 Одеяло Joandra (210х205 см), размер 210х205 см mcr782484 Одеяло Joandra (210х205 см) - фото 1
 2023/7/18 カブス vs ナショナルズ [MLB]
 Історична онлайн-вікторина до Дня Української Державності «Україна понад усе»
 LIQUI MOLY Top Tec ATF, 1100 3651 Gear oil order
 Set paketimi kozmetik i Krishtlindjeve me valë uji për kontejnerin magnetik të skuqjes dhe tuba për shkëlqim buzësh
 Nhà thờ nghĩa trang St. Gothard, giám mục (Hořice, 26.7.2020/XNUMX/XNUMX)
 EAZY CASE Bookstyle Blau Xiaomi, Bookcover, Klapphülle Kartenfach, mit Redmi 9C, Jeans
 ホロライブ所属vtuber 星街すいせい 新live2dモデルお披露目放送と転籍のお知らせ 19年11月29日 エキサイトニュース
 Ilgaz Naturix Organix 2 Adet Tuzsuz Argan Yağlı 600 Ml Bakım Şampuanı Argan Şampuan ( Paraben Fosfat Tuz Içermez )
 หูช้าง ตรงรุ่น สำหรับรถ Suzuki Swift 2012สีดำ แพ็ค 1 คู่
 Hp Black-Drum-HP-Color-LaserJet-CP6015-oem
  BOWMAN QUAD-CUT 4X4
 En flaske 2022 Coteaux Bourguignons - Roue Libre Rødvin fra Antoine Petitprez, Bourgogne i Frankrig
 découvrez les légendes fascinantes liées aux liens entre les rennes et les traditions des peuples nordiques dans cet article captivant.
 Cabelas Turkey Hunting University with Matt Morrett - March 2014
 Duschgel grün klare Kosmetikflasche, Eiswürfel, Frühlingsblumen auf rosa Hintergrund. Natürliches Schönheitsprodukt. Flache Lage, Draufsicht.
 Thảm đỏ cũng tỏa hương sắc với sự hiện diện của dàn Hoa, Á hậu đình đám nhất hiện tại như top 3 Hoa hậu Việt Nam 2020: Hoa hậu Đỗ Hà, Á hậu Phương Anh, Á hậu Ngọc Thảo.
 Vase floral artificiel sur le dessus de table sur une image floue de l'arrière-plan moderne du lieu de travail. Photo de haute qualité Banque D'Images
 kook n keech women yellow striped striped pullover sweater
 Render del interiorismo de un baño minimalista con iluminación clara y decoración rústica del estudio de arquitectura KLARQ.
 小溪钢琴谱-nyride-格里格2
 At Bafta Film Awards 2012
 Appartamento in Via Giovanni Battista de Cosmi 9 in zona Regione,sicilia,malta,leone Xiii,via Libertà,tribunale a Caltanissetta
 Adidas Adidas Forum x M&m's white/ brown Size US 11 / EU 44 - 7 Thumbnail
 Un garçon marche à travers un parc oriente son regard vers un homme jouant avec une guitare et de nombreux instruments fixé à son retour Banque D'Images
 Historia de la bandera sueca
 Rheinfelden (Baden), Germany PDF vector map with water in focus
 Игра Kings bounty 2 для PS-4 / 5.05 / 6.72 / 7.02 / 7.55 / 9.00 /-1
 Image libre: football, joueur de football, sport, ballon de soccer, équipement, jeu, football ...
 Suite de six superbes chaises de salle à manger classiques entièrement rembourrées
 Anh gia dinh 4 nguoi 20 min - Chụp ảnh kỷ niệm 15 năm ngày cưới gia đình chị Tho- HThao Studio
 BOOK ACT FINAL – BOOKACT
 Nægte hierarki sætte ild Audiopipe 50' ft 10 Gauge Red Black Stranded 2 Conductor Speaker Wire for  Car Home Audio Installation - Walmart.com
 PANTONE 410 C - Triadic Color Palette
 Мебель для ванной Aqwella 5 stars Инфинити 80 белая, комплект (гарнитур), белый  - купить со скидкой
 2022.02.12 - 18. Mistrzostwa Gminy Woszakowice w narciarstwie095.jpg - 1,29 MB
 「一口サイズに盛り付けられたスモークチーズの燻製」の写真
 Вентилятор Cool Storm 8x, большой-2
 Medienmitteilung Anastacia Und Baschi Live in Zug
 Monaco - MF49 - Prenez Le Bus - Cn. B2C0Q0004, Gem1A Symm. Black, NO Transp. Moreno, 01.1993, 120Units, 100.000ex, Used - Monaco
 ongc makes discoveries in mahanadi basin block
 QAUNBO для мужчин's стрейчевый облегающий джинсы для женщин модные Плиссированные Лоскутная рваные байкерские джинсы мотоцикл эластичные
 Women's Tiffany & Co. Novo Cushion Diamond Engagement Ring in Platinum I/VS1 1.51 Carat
• • • • • • •
- _Requirement_
Copy exactly the opening line of the material, the line bearing "Vase floral artificiel", and every line between them. Include nothing else.

- _Solution for this task_
 Одеяло Joandra (210х205 см), размер 210х205 см mcr782484 Одеяло Joandra (210х205 см) - фото 1
 2023/7/18 カブス vs ナショナルズ [MLB]
 Історична онлайн-вікторина до Дня Української Державності «Україна понад усе»
 LIQUI MOLY Top Tec ATF, 1100 3651 Gear oil order
 Set paketimi kozmetik i Krishtlindjeve me valë uji për kontejnerin magnetik të skuqjes dhe tuba për shkëlqim buzësh
 Nhà thờ nghĩa trang St. Gothard, giám mục (Hořice, 26.7.2020/XNUMX/XNUMX)
 EAZY CASE Bookstyle Blau Xiaomi, Bookcover, Klapphülle Kartenfach, mit Redmi 9C, Jeans
 ホロライブ所属vtuber 星街すいせい 新live2dモデルお披露目放送と転籍のお知らせ 19年11月29日 エキサイトニュース
 Ilgaz Naturix Organix 2 Adet Tuzsuz Argan Yağlı 600 Ml Bakım Şampuanı Argan Şampuan ( Paraben Fosfat Tuz Içermez )
 หูช้าง ตรงรุ่น สำหรับรถ Suzuki Swift 2012สีดำ แพ็ค 1 คู่
 Hp Black-Drum-HP-Color-LaserJet-CP6015-oem
  BOWMAN QUAD-CUT 4X4
 En flaske 2022 Coteaux Bourguignons - Roue Libre Rødvin fra Antoine Petitprez, Bourgogne i Frankrig
 découvrez les légendes fascinantes liées aux liens entre les rennes et les traditions des peuples nordiques dans cet article captivant.
 Cabelas Turkey Hunting University with Matt Morrett - March 2014
 Duschgel grün klare Kosmetikflasche, Eiswürfel, Frühlingsblumen auf rosa Hintergrund. Natürliches Schönheitsprodukt. Flache Lage, Draufsicht.
 Thảm đỏ cũng tỏa hương sắc với sự hiện diện của dàn Hoa, Á hậu đình đám nhất hiện tại như top 3 Hoa hậu Việt Nam 2020: Hoa hậu Đỗ Hà, Á hậu Phương Anh, Á hậu Ngọc Thảo.
 Vase floral artificiel sur le dessus de table sur une image floue de l'arrière-plan moderne du lieu de travail. Photo de haute qualité Banque D'Images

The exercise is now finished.